IonQ uses trapped ytterbium ions (Yb⁺) as qubits. Each ion is confined in an electromagnetic trap and manipulated with laser pulses. Key advantages:

  1. All-to-all connectivity — Any qubit can interact directly with any other (no SWAP gates needed)
  2. High fidelity — Two-qubit gate errors <0.5% (better than superconducting)
  3. Long coherence — Seconds to minutes (vs. microseconds for superconducting)
  4. Identical qubits — Ions are nature-identical (no calibration drift between qubits)

Challenges

  • Speed — Gate operations slower (~100 μs vs. <1 μs for superconducting)
  • Scaling — Laser addressing becomes complex with many ions in one trap
  • Engineering — Requires ultra-high vacuum, precise optics, laser stability

Algorithmic Qubits (#AQ)

IonQ markets systems using #AQ (Algorithmic Qubits), a composite metric combining:

  • Qubit count
  • Gate fidelity
  • Connectivity
  • Measurement accuracy

Example: IonQ Aria has 25 qubits but claims #AQ 25 (meaning 25 high-quality, fully-connected qubits). This contrasts with superconducting systems that may have 100+ qubits but limited connectivity and lower fidelity.
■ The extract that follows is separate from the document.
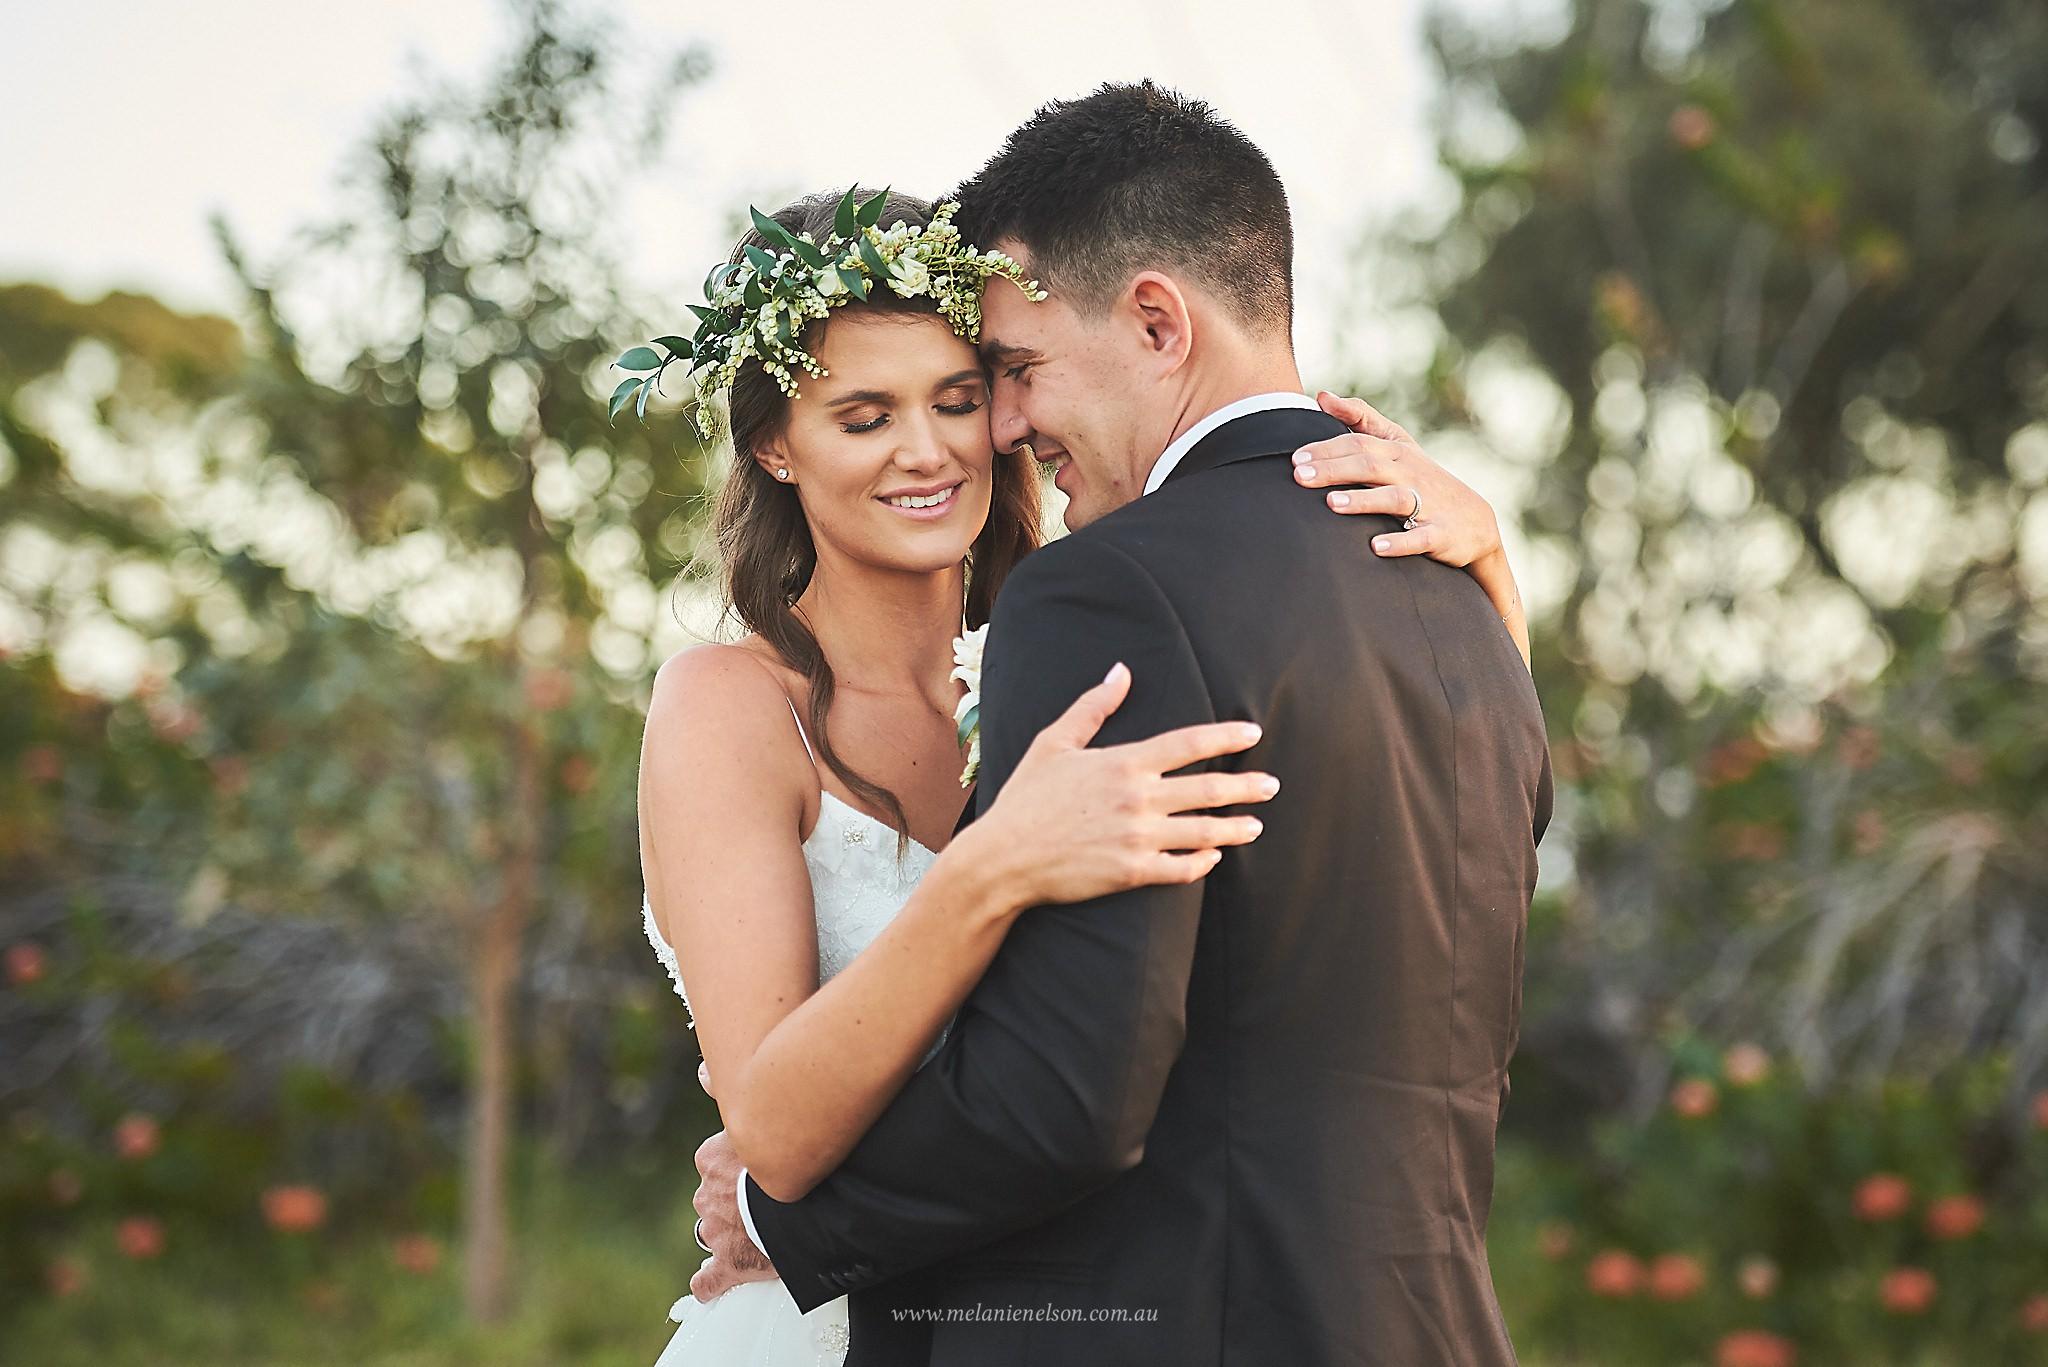 adelaide_hills_wedding_photography_0005.jpg

Criticism: #AQ is a proprietary metric, not an industry standard. Comparisons across vendors are difficult.

Hardware Generations

IonQ Harmony (2020)

  • 11 qubits
  • First commercial trapped ion cloud system
  • Proof of concept for AWS/Azure integration

IonQ Aria (2023)

  • 25 qubits (#AQ 25)
  • Improved ion trap design
  • Better laser control and readout
  • Target: variational algorithms (VQE, QAOA)

IonQ Forte (2024)

  • 36 qubits (projected #AQ 35+)
  • Acoustic-optic deflectors (AOD) for faster gate operations
  • Modular “reconfigurable multi-core” architecture
  • Goal: Scale to 100+ qubits via networked trap modules

Cloud Access

IonQ systems are available via:

  • Amazon Braket — Pay-per-shot pricing
  • Microsoft Azure Quantum — Integrated with Q# development tools
  • Google Cloud (partnership announced 2023)
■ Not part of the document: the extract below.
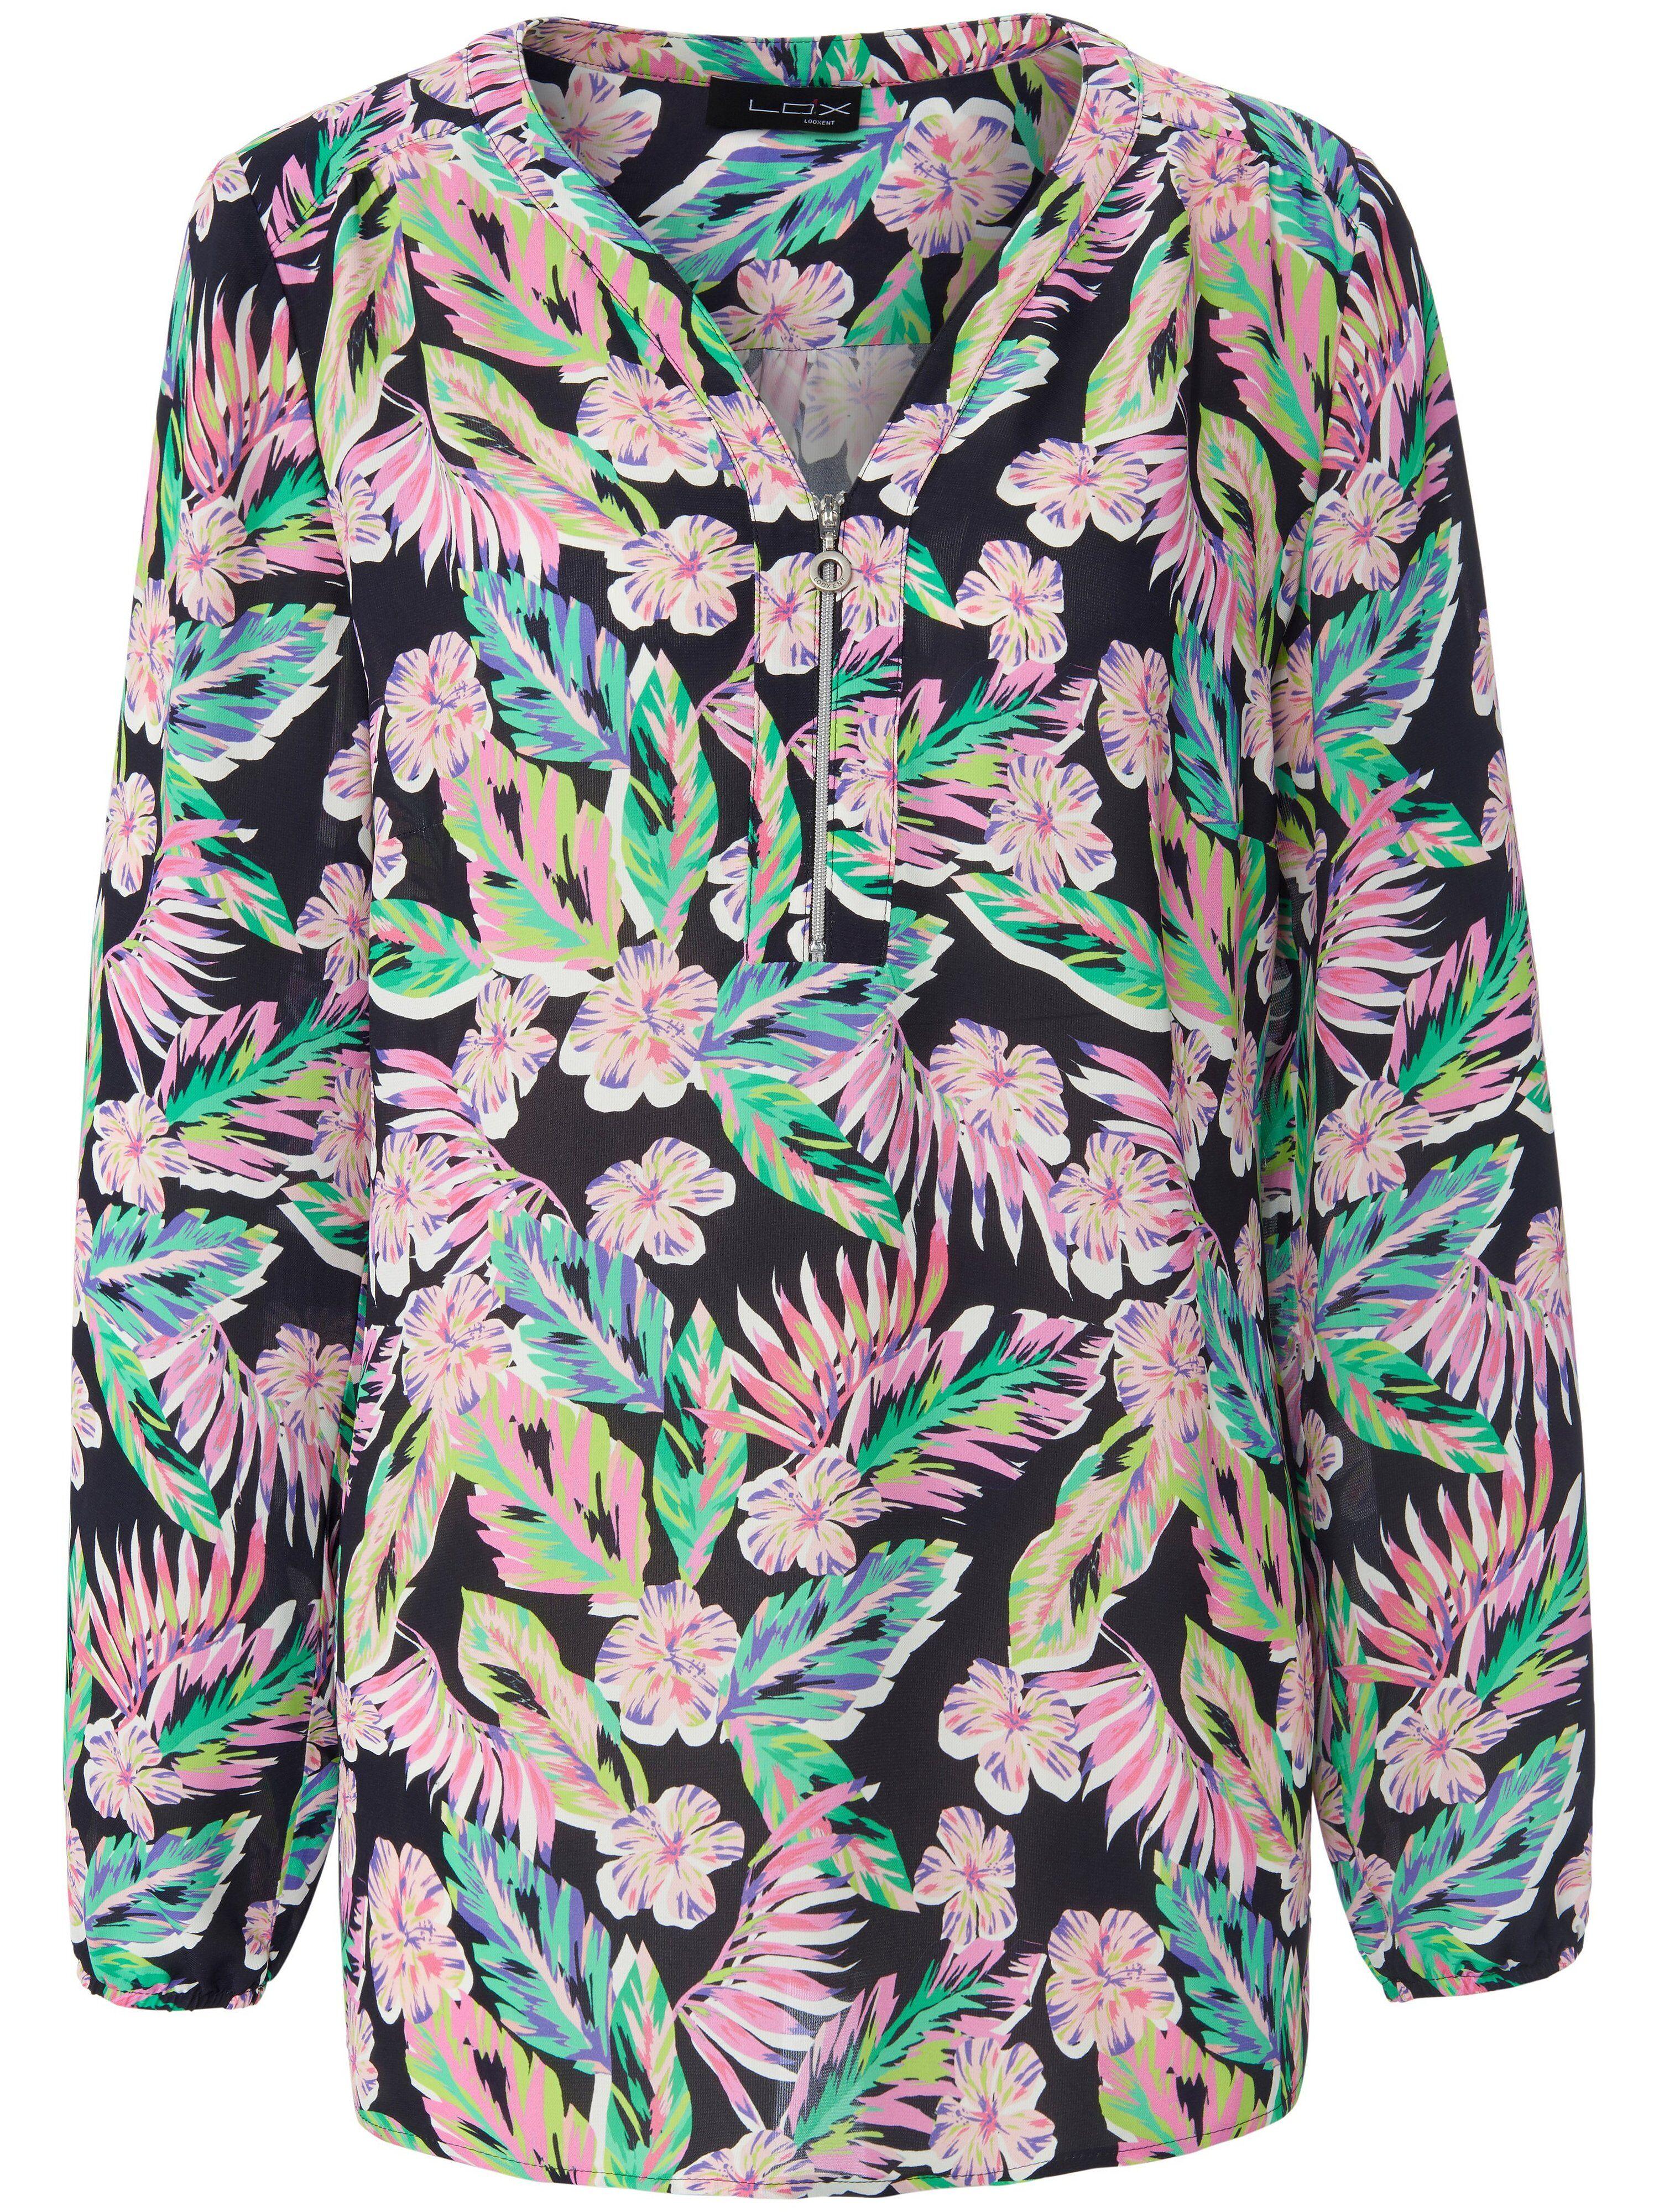 Looxent La tunique ligne longue  Looxent multicolore  - Femme - 38

Pricing: ~$0.01 per circuit shot (varies by system generation).

Commercial Strategy

IonQ pursues a NISQ-era revenue model, selling cloud access to algorithms that provide near-term value:

  • Quantum machine learning (QSVM, variational circuits)
  • Chemistry (molecular simulation, VQE)
  • Optimization (QAOA, graph problems)

The company emphasizes time-to-advantage: solving real problems with 20-50 qubits, not waiting for fault tolerance.

Competitive Position

Strengths:

  • Best-in-class gate fidelity (ions have inherent advantages)
  • All-to-all connectivity simplifies circuit compilation
  • Public company with transparent roadmap and financials

Challenges:

  • Slower gate speeds than superconducting
  • Uncertain scaling path to 1,000+ qubits (requires trap networking)
  • Small team relative to Google/IBM (funding constraints)

vs. Superconducting (IBM, Google):
IonQ argues quality (fidelity, connectivity) matters more than qubit count. IBM counters that error mitigation can compensate for lower-fidelity superconducting qubits at scale.

vs. Quantinuum:
Both use trapped ions. Quantinuum (Honeywell heritage) has deeper pockets but focuses on government/enterprise; IonQ targets cloud/startup developers.

Recent Developments

IonQ’s reconfigurable multi-core architecture (2024) aims to solve the ion trap scaling problem. Instead of one large trap with 100+ ions (difficult to control), multiple smaller traps are networked with ion shuttling or photonic interconnects.

The company also announced partnerships with:

  • Oak Ridge National Lab — Quantum chemistry for materials science
  • Hyundai — Optimization for battery design
  • Airbus — Quantum algorithms for flight routing

Revenue (2023): $11M (mostly R&D contracts, not yet profitable).

Long-Term Vision

IonQ believes trapped ions will win the fault-tolerant era due to superior coherence and fidelity. The roadmap targets 1,000+ qubit systems by late 2020s with modular trap networking.

Whether this vision holds depends on solving the scaling challenge: Can networked traps achieve the same all-to-all connectivity that makes small ion systems attractive?